→ Problem details
An exact transcription of the listing, without its images, is what the answer must contain.

→ Information supplied

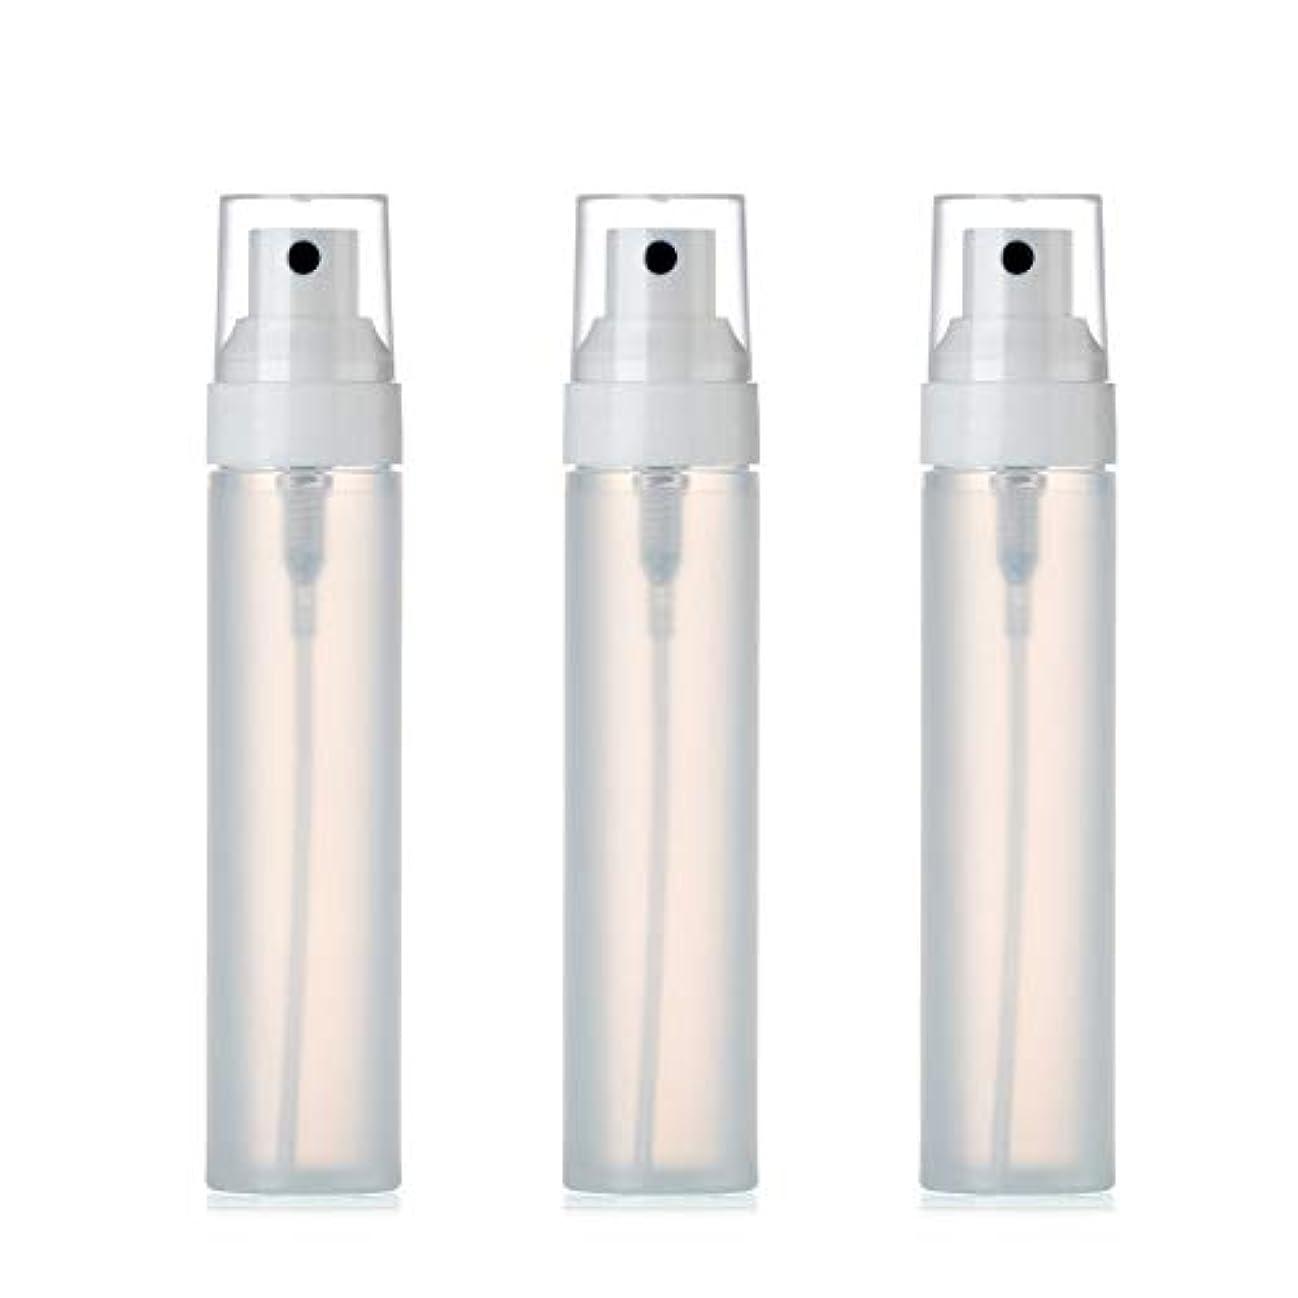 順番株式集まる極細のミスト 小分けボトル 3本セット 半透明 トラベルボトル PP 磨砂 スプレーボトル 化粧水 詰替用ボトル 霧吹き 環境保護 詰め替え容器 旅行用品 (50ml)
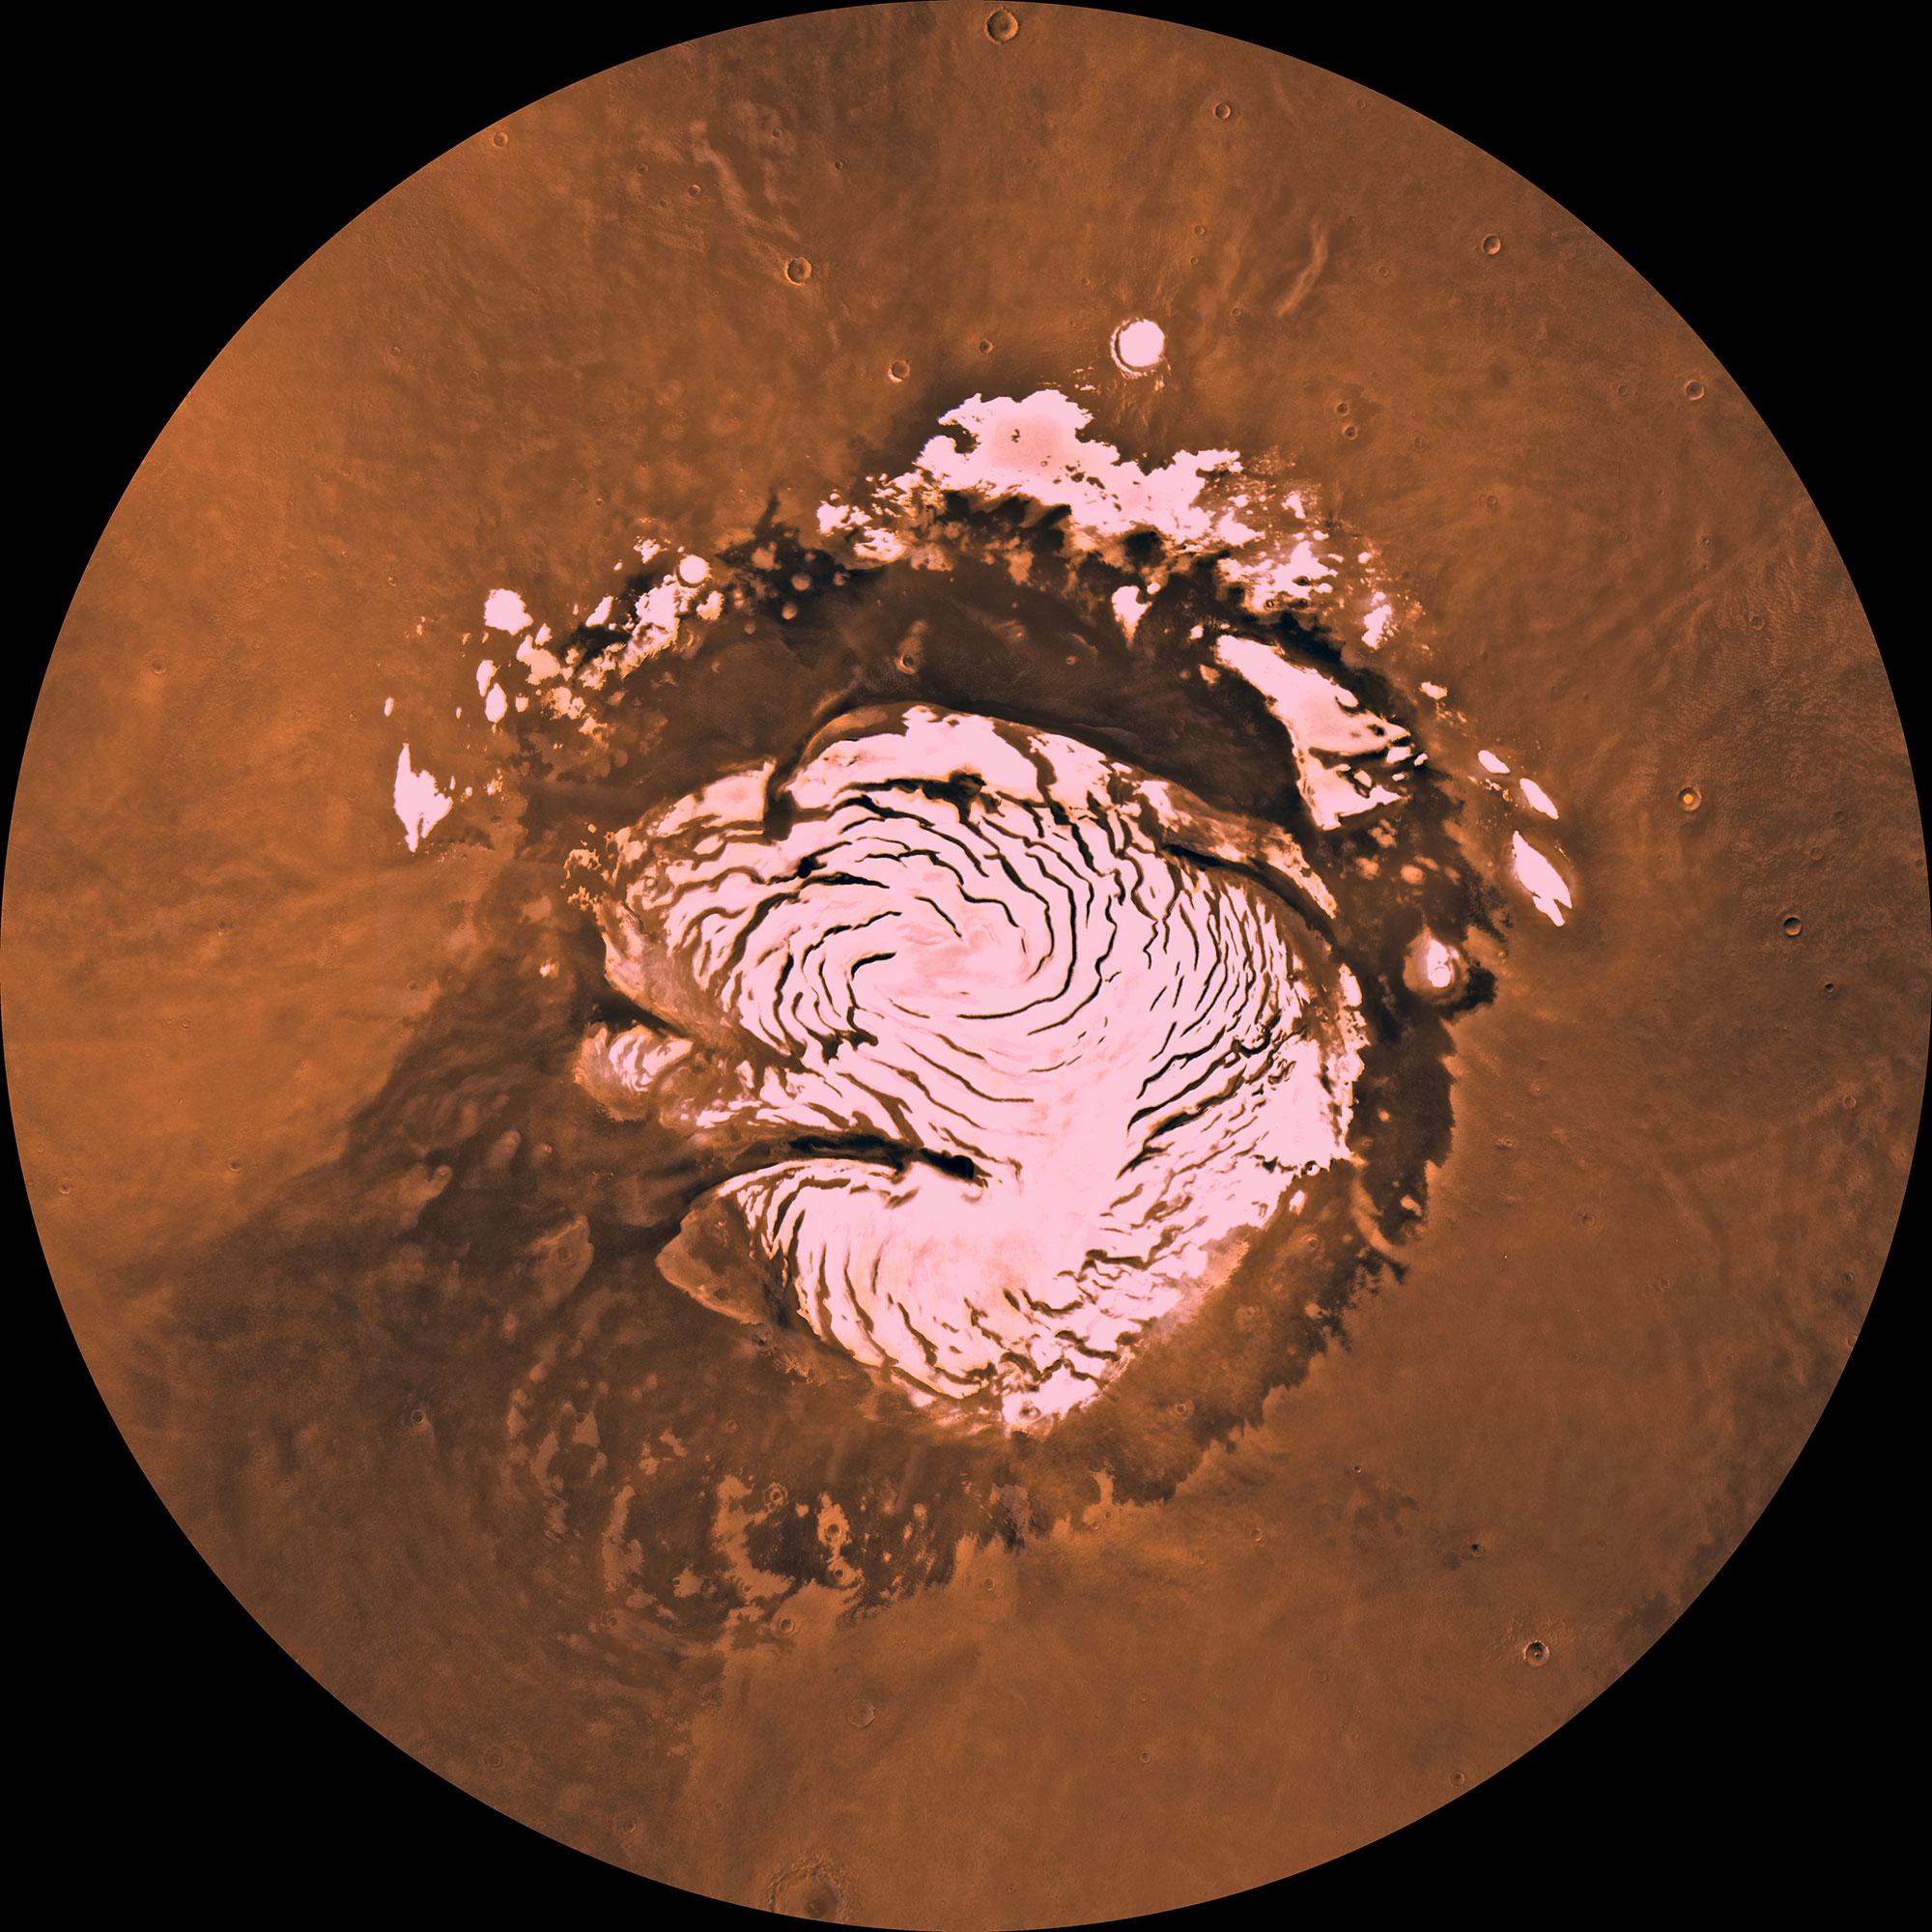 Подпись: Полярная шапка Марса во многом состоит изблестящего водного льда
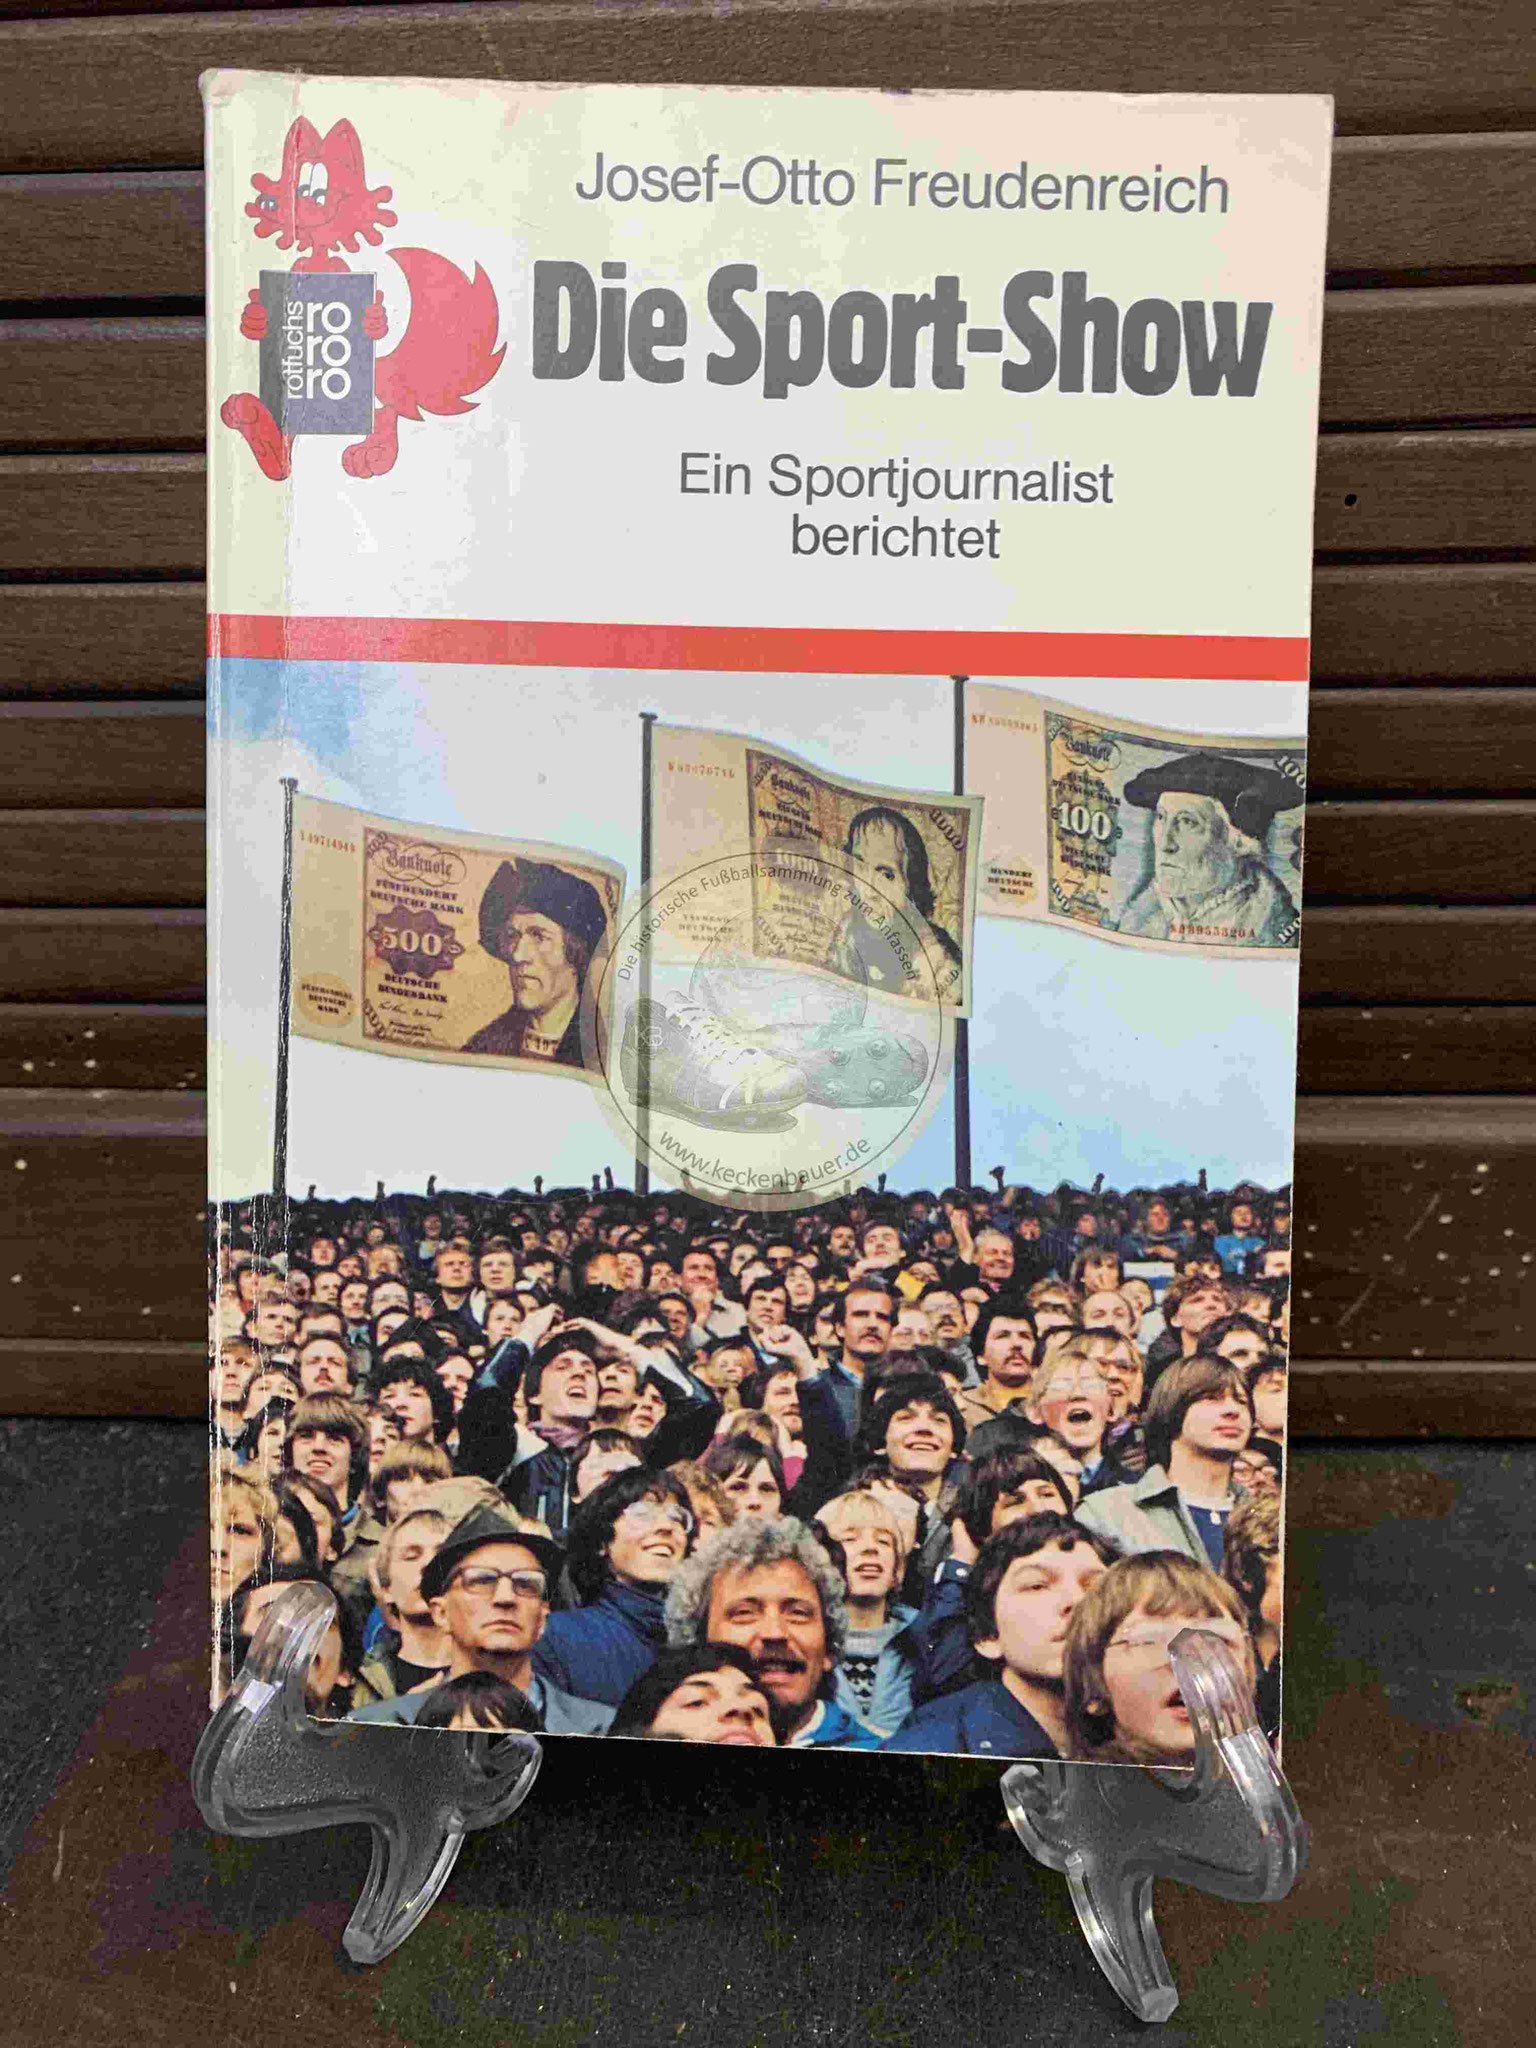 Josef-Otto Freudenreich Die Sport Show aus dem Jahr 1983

→ Expected output
 順番株式集まる極細のミスト 小分けボトル 3本セット 半透明 トラベルボトル PP 磨砂 スプレーボトル 化粧水 詰替用ボトル 霧吹き 環境保護 詰め替え容器 旅行用品 (50ml)
 Подпись: Полярная шапка Марса во многом состоит изблестящего водного льда
 Josef-Otto Freudenreich Die Sport Show aus dem Jahr 1983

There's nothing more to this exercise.